To accomplish that, each of the 136 suites in the all-suite hotel will have a full kitchen and one bedroom and average of 500 square feet of space. Additional amenities include a fitness center, complimentary shuttle service, and an indoor pool.

The amenities "will allow for a sense of normalcy that will certainly be important to this market," Bill Duncan, global head of Homewood Suites by Hilton, said in a statement.

Adelman said his firm decided on Hilton Worldwide for the brand since it manages the nearby Hilton Inn at Penn. The Homewood Suites at 4109 Walnut St. will employ about 300 people, including construction workers.

He said that demand for such a hotel grew as the area blossomed into a destination for world-class health care, life sciences, and higher education, including the University of Pennsylvania, Penn Medicine, and Children's Hospital of Philadelphia.

"The market for this product is both patients and their families . . . to make this a really good experience for people while they're here receiving treatment," he said.

The hotel will be one of only a few all-suites hotels in central Philadelphia and the only one in University City, said Peter Tyson, vice president of Colliers PKF Consulting USA.

"Such hotels appeal greatly to commercial and leisure travelers with extended stays," he said. "Travelers working on longer-term projects at the universities or the hospitals, and families of patients in, or post-op 'outpatients' at, the University City hospitals for extended periods will be naturals for this hotel."

Tyson said the area's only two hotels - the 238-room Hilton Inn at Penn and the Sheraton Philadelphia University City Hotel with 331 rooms - continue to perform well, particularly midweek and on weekends, when there are events at the University of Pennsylvania or Drexel University.

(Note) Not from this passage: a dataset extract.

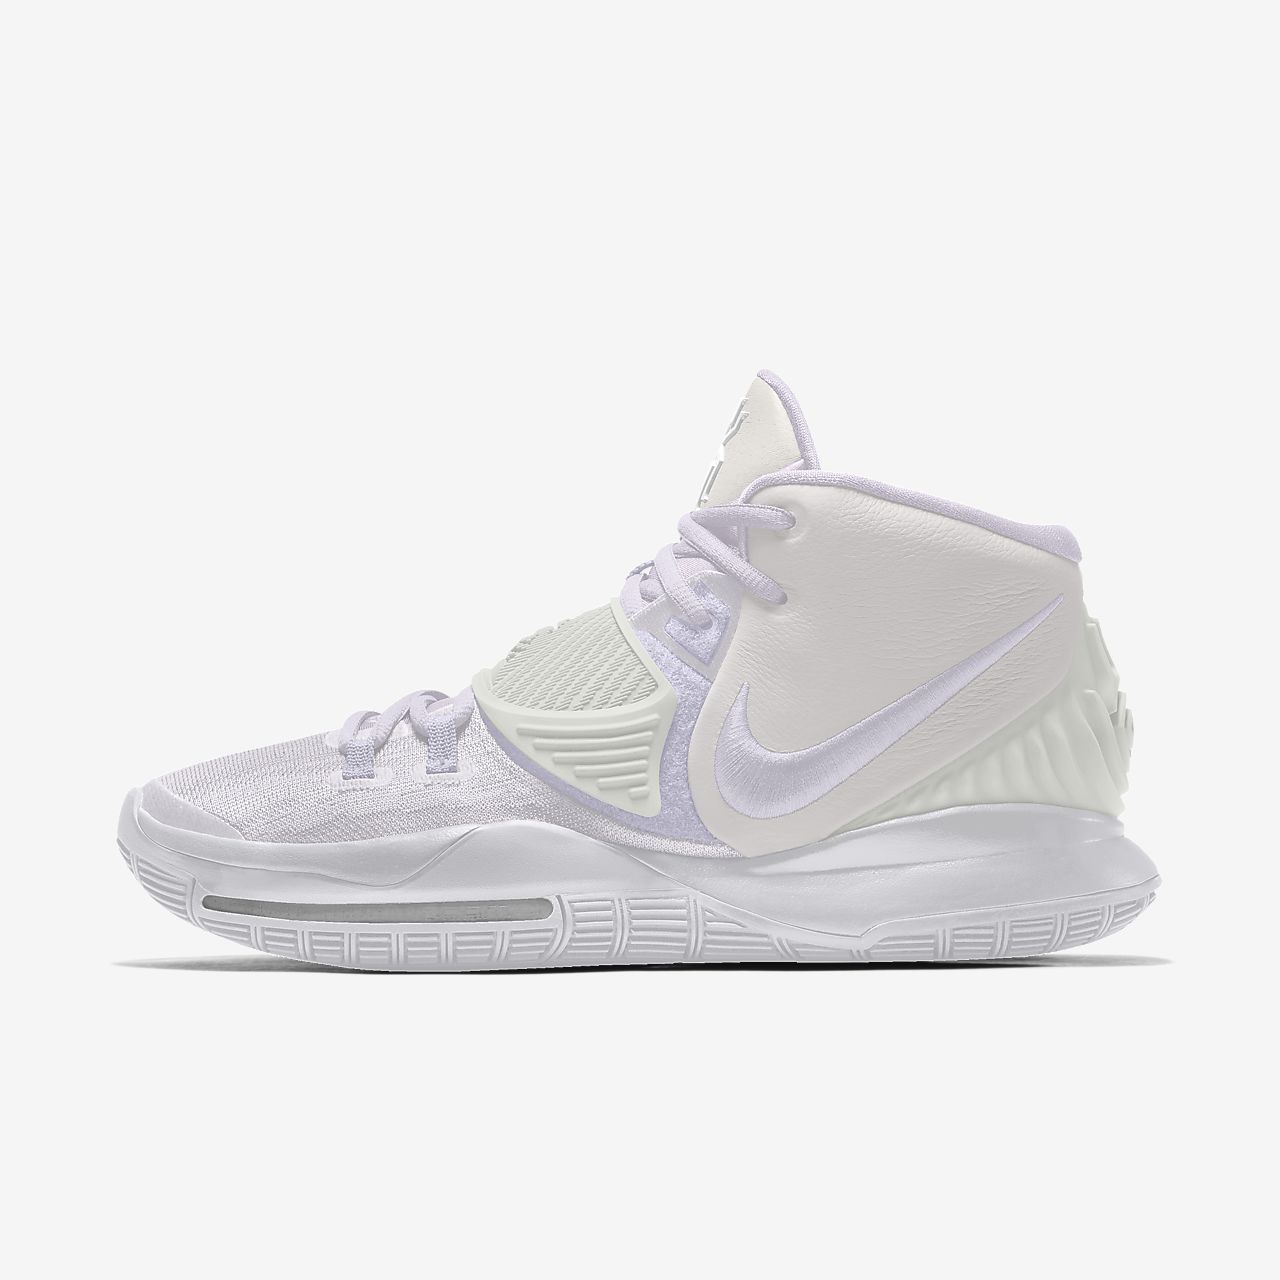 customize your own kyrie 5

He said the two hotels usually perform at or above the average occupancy for the city annually. For October, the latest data available for central Philadelphia's combined 45 hotels, the occupancy rate was 79.5 percent.

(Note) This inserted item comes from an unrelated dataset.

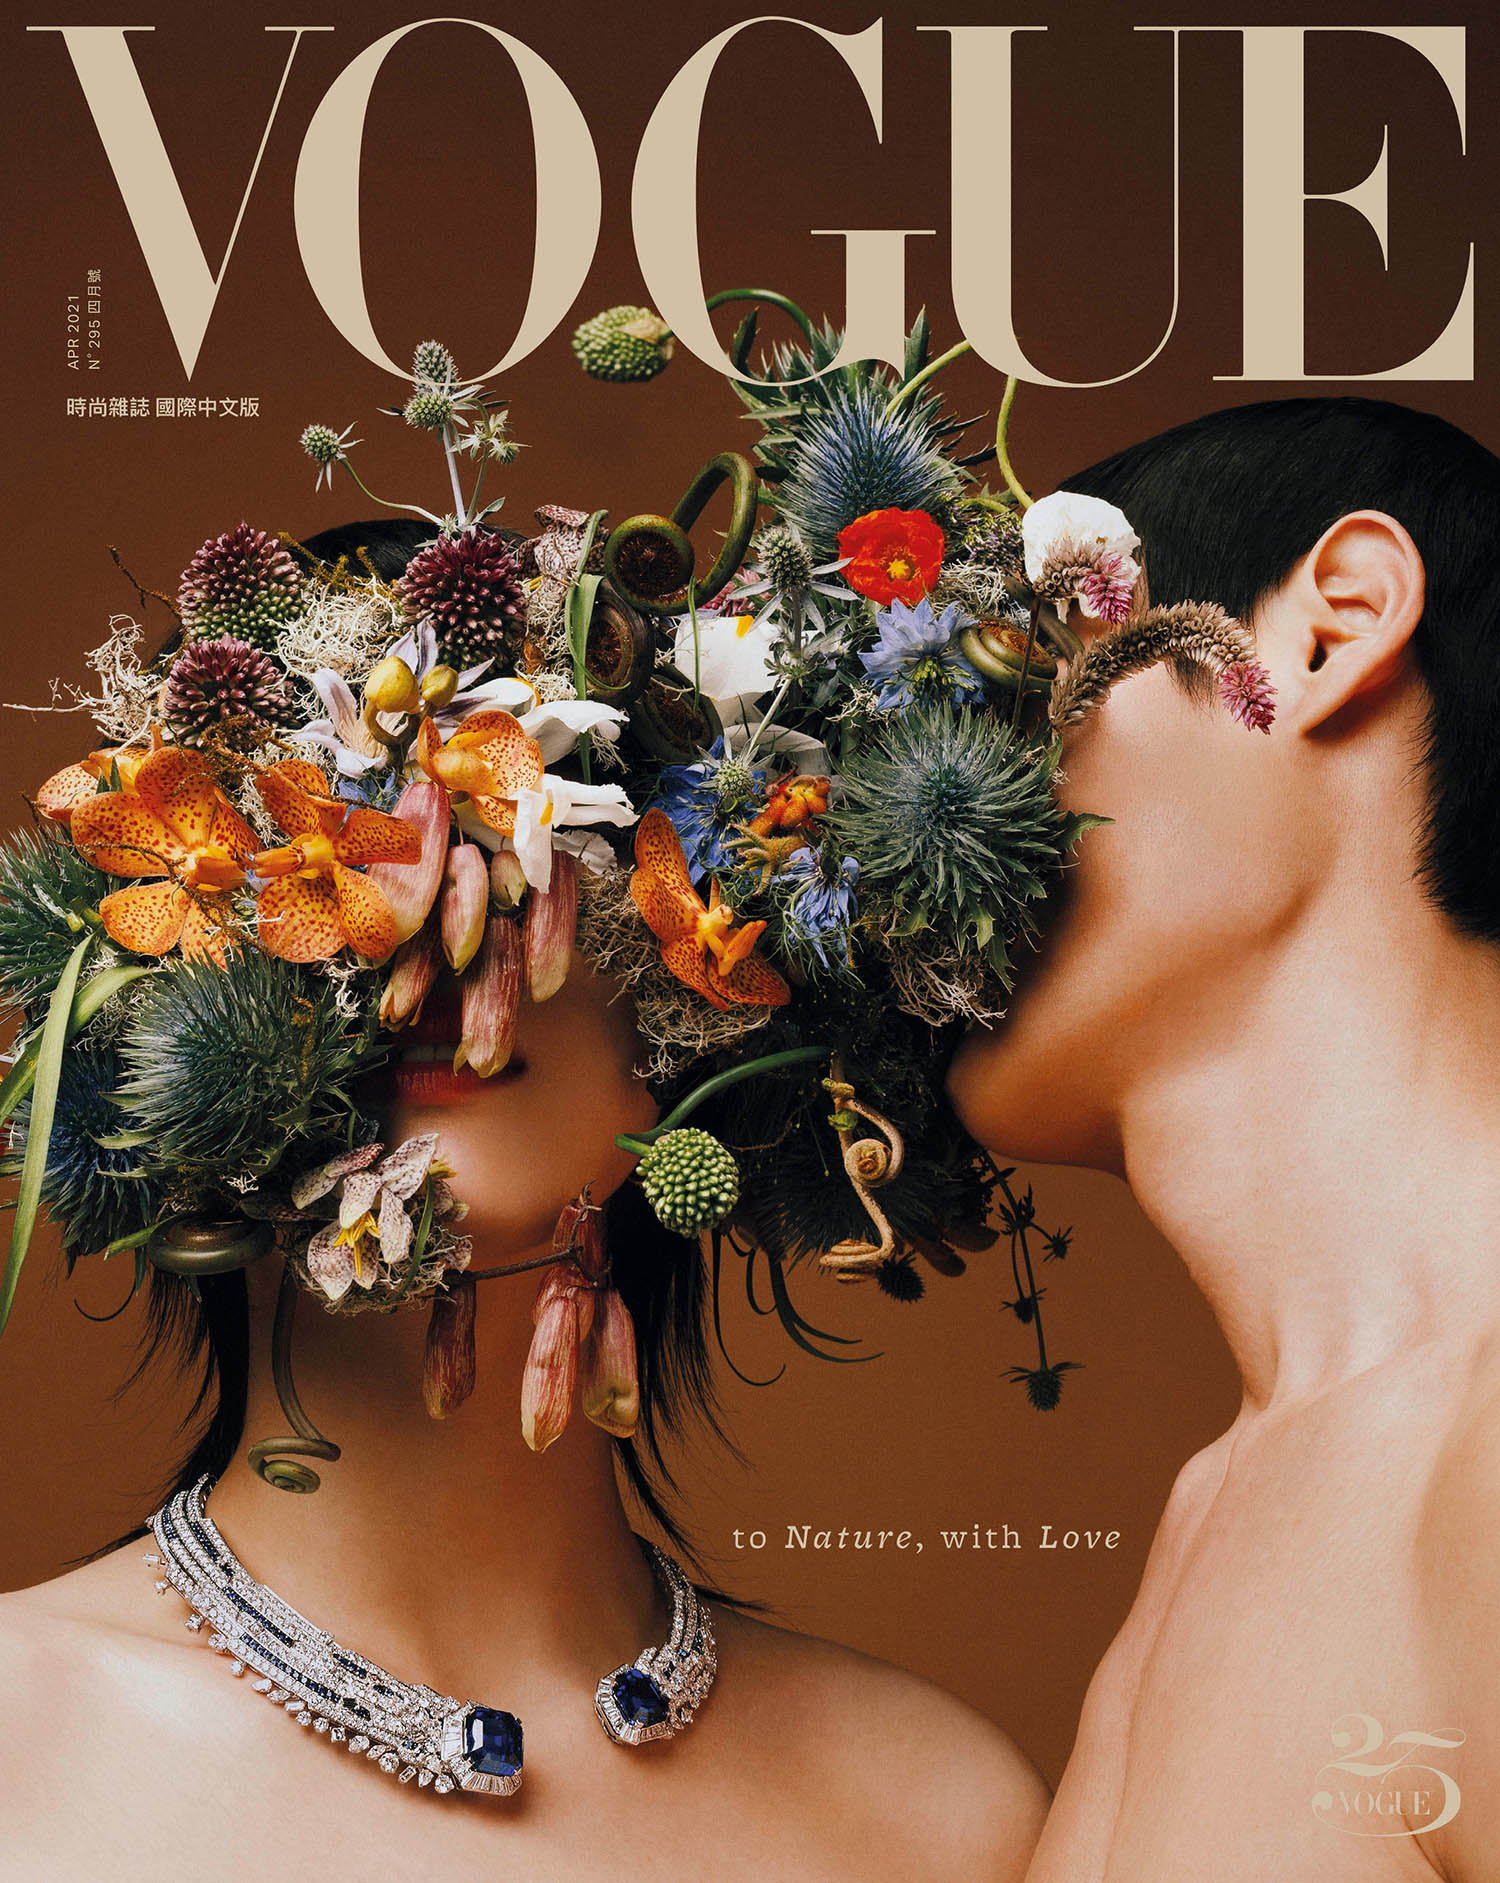 Jessie Hsu and Jean Chang cover Vogue Taiwan April 2021 by Zhong Lin

"Further, the Sheraton University City is now 40 years old, and the Inn at Penn is over 10 years old," Tyson said. "Some new hotel product in the area should be well-received."

Ed Grose, head of the Greater Philadelphia Hotel Association, called the hotel, scheduled to open in March 2012, "a perfect fit for West Philadelphia," and he said he hoped it was a precursor to more hotels to come.

"We are hoping that this shows signs of a recovering credit market," Grose said, "so that we will hopefully see the addition of another anchor hotel for the Pennsylvania Convention Center."

Adelman, of Haverford, acknowledged that getting financing for a hotel in the current climate was no easy feat. He had been marketing the project for three years.

"Lenders looked at the demographic data as well, and agreed with our story," he said. "We're probably going to be one of the city's biggest construction projects in 2011."

Campus Apartments manages about $1 billion worth of properties and 27,000 beds in 26 states. It has a working relationship with the University of Pennsylvania dating to 2000.

Adelman said that Penn approached him about a new hotel because Campus Apartments already managed the university's off-campus apartments and the two were involved in several joint ventures.

"We're real partners in the redevelopment of University City," he said. "We're excited to be a part of the area's renaissance and investing our capital to make University City a better place."

After the hotel's completion in the spring of 2012, the second phase of the two-phased project will be a neighboring 150,000-square-foot office building.